**BRIEF:** A word-for-word copy of the following listing is needed. Leave out its images.
:: DATA SECTION ::
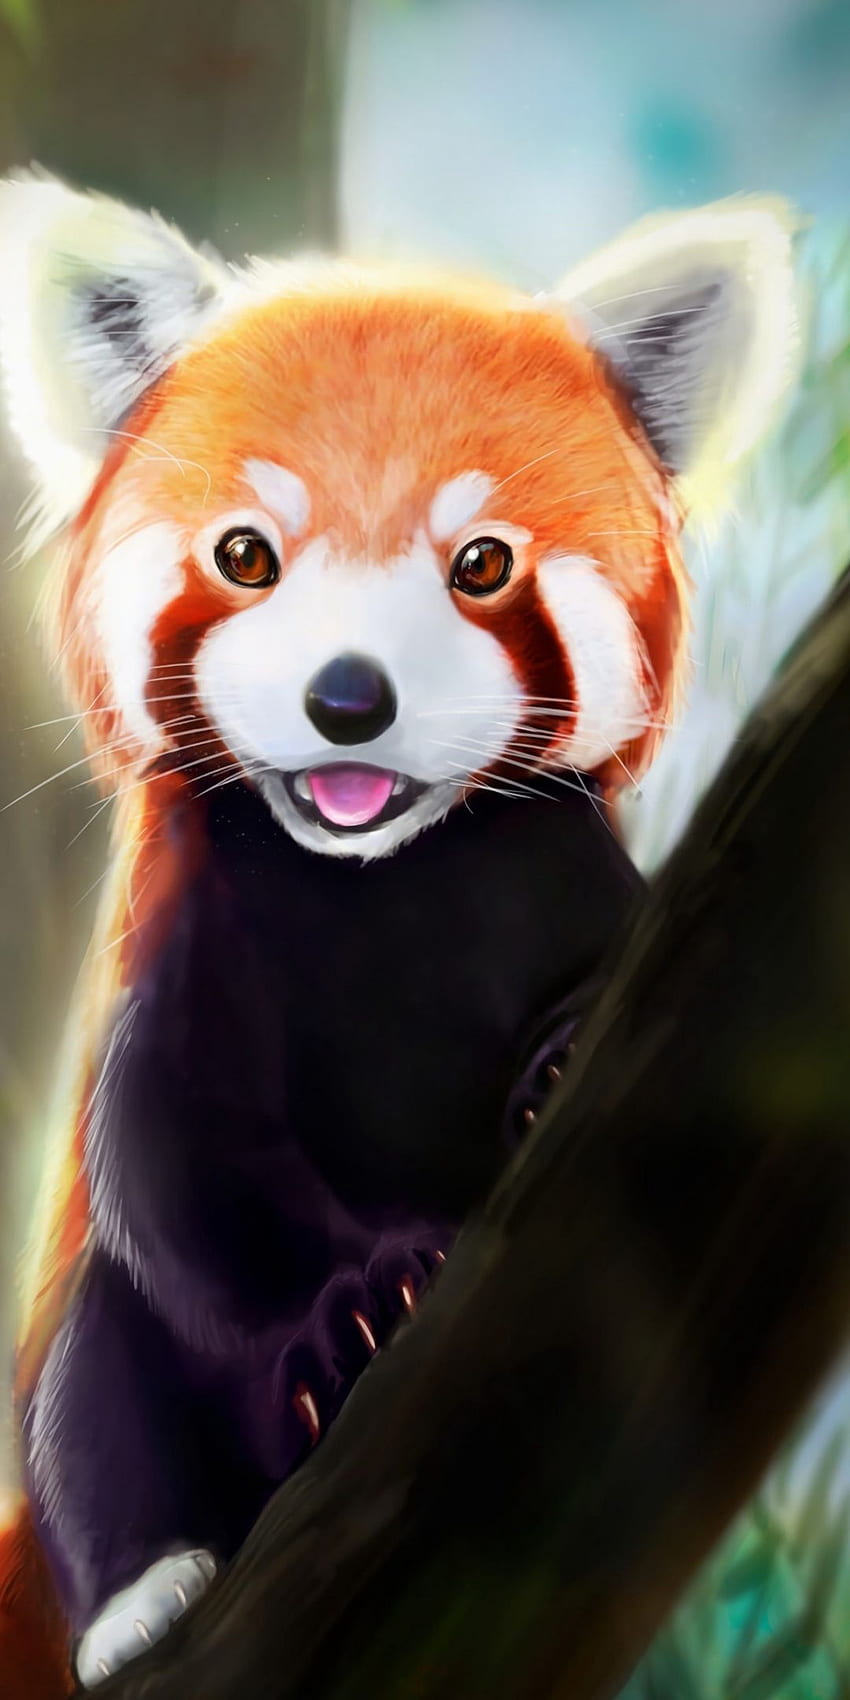 Không thể rời mắt khỏi vẻ độc đáo và dễ thương của chú Gấu đỏ Panda Kawaii trong bức ảnh này. Càng xem càng yêu, hãy thưởng thức ngay nhé!
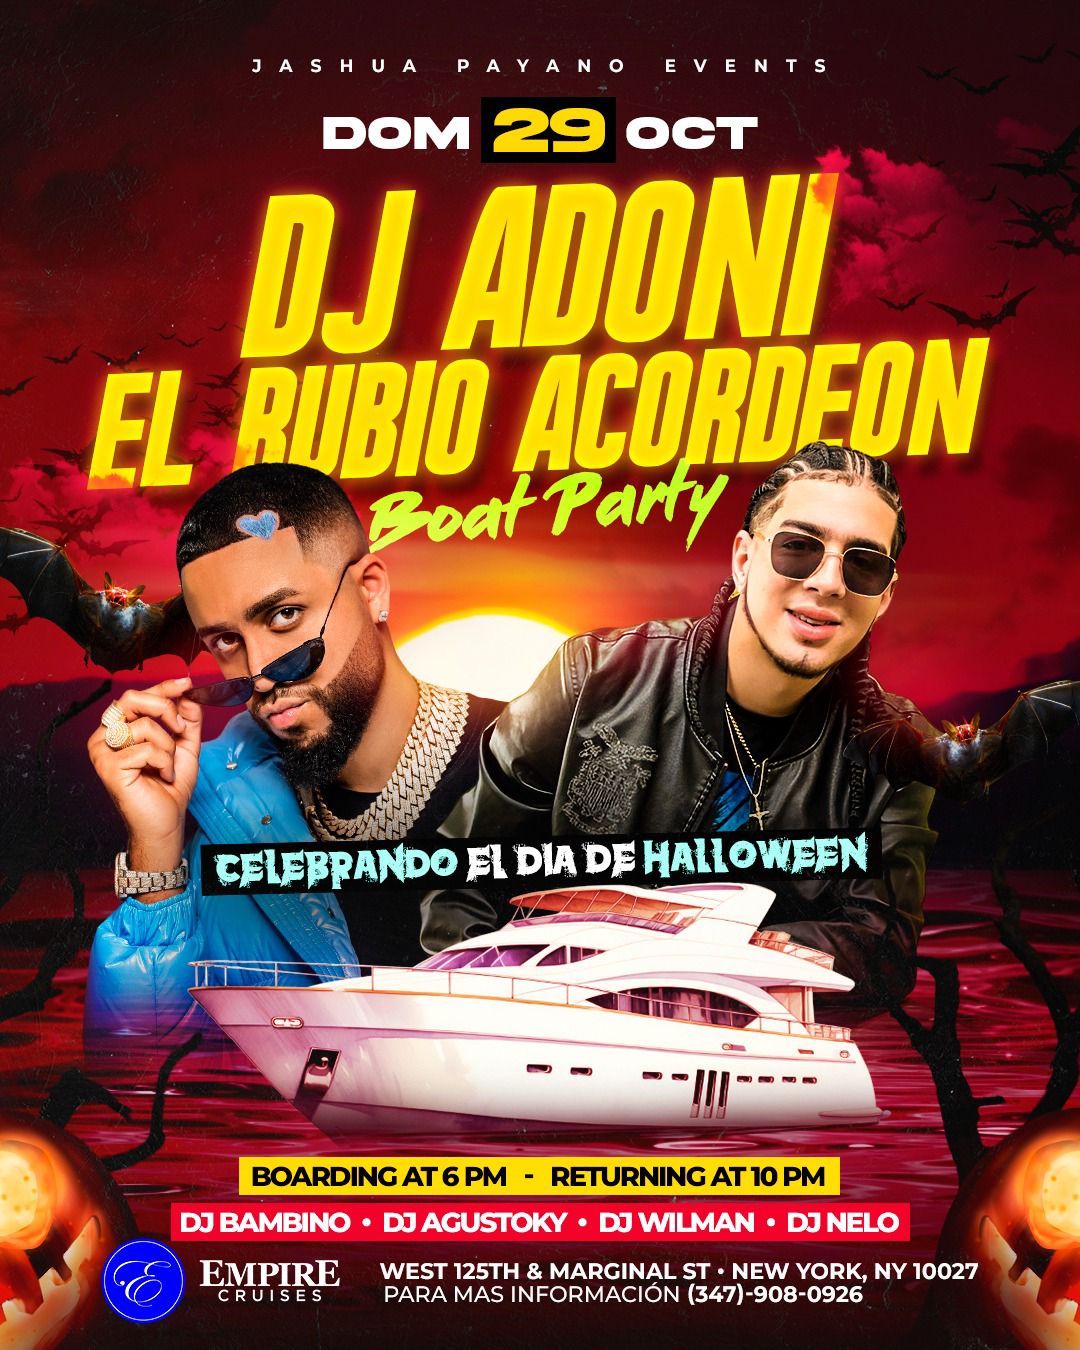 EL RUBIO ACORDEÓN & DJ ADONII - BOAT PARTY
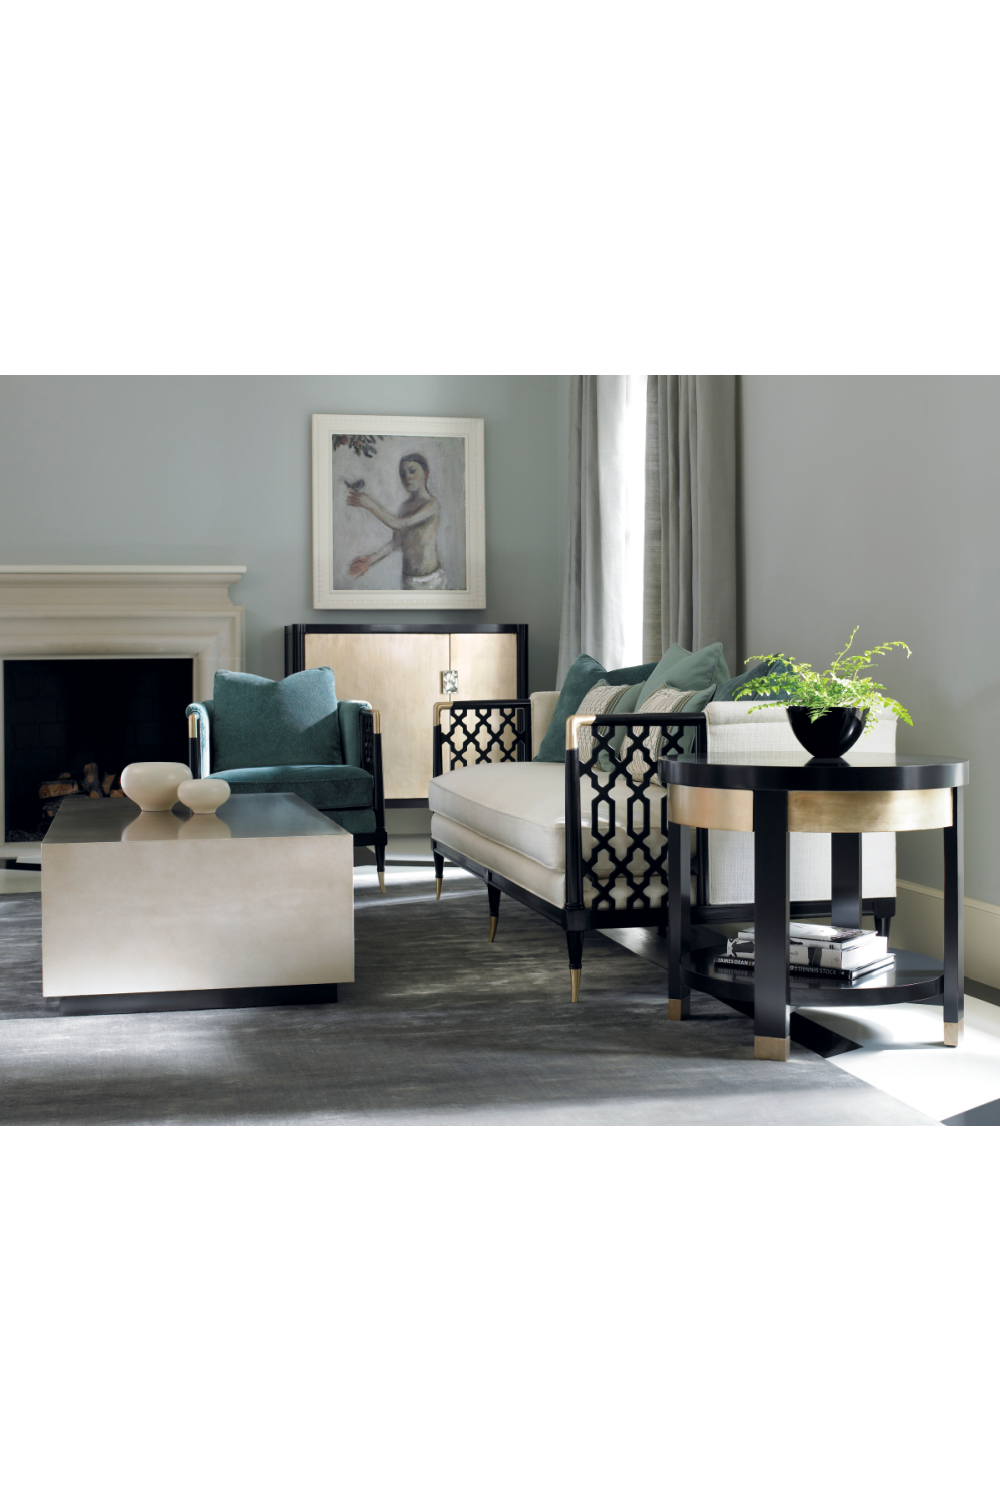 Cushioned Modern Sofa | Caracole Lattice Entertain You | Oroa.com
:::
**OUTPUT:**
 Không thể rời mắt khỏi vẻ độc đáo và dễ thương của chú Gấu đỏ Panda Kawaii trong bức ảnh này. Càng xem càng yêu, hãy thưởng thức ngay nhé!
 EL RUBIO ACORDEÓN & DJ ADONII - BOAT PARTY
 Cushioned Modern Sofa | Caracole Lattice Entertain You | Oroa.com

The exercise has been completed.